2021 SCEC Annual Meeting, Poster #014, SCEC Contribution #11625 VIEW PDF
Effectively combining local high-resolution tomographic results with existing regional models presents an ongoing challenge. We have recently developed a framework based on the Tikhonov-regularized level-set method that provides a simple means to infer where local data provides meaningful constraints on seismic observables beyond those found in larger scale regional models --- for example the Community Velocity Models (CVMs) of southern California. This technique defines a volume within which updates are made to a reference CVM, with the boundary of the volume being part of the inversion rather than explicitly defined. By appropriately penalizing the complexity of the boundary, a minimal upd...ate which best explains the data is achieved.
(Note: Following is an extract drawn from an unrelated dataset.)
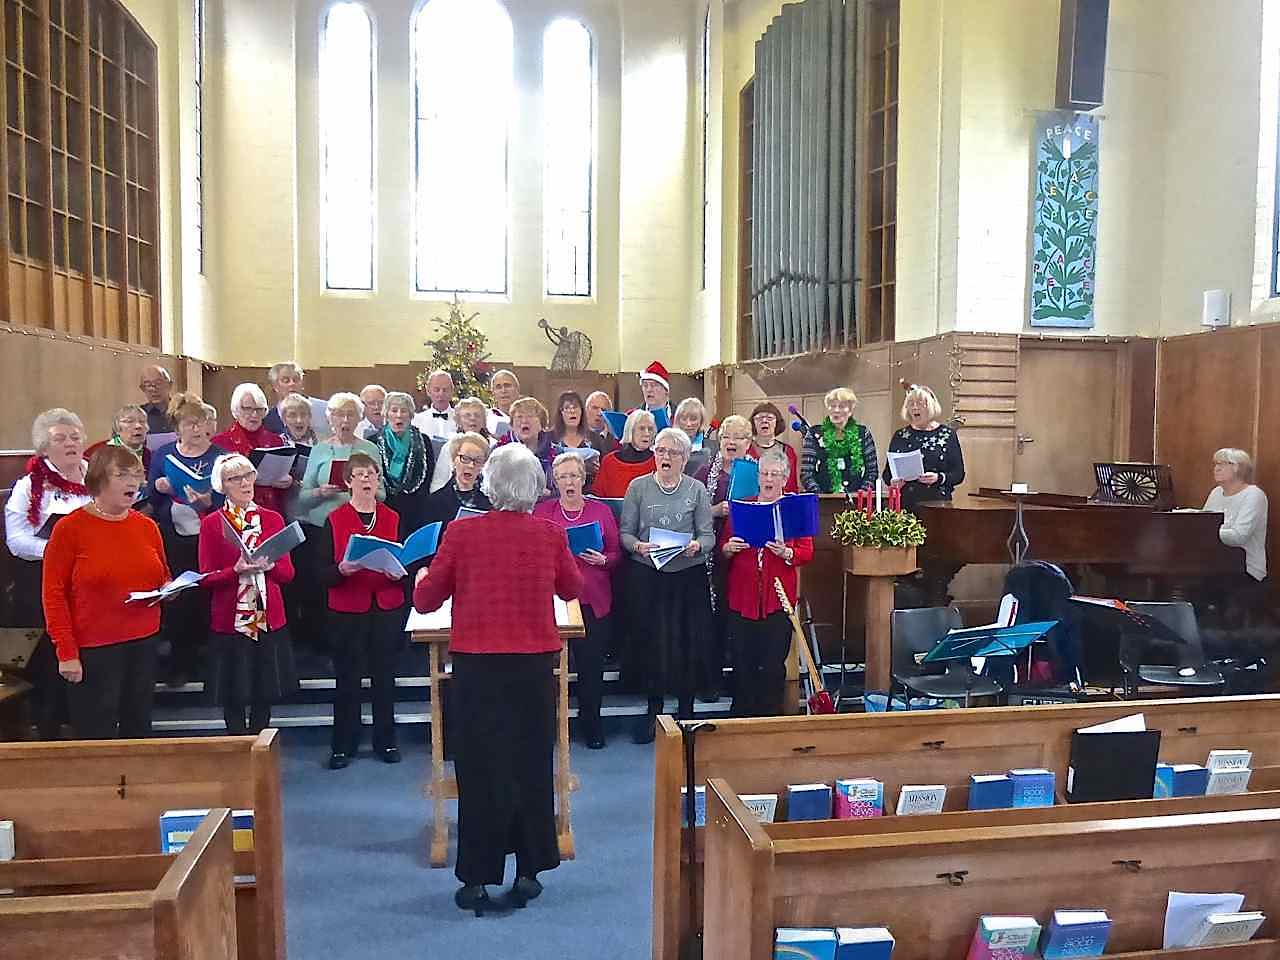 2017 Christmas: the Hallelujah Chorus

To test this framework, we utilize the high-resolution data from the Community Seismic Network, a large 400-station permanent urban deployment. We inverted Love wave dispersion, derived from eikonal tomography of two-station cross-correlation travel-time delays, and relative amplification data from the Mw 6.4 July 3 and Mw 7.1 July 5 2019 Ridgecrest earthquakes. We invert for an update to CVM-S4.26 using the Tikhonov Ensemble Sampling scheme, a highly efficient derivative-free approximate Bayesian method. We find that the Ridgecrest Earthquake data is best explained by a deepening of the Los Angeles Basin (compared to the CVM-S4.26 reference model) with its deepest part just south of downtown Los Angeles, along with a substantially steeper northeastern wall of the basin. This result offers new progress towards the parsimonious incorporation of detailed local basin models within regional reference models utilizing an objective inverse-problem framework, and highlights the importance of accurate basin geometry models when accounting for the potentially significant amplification of surface waves from regional earthquakes in the high-rise building response band.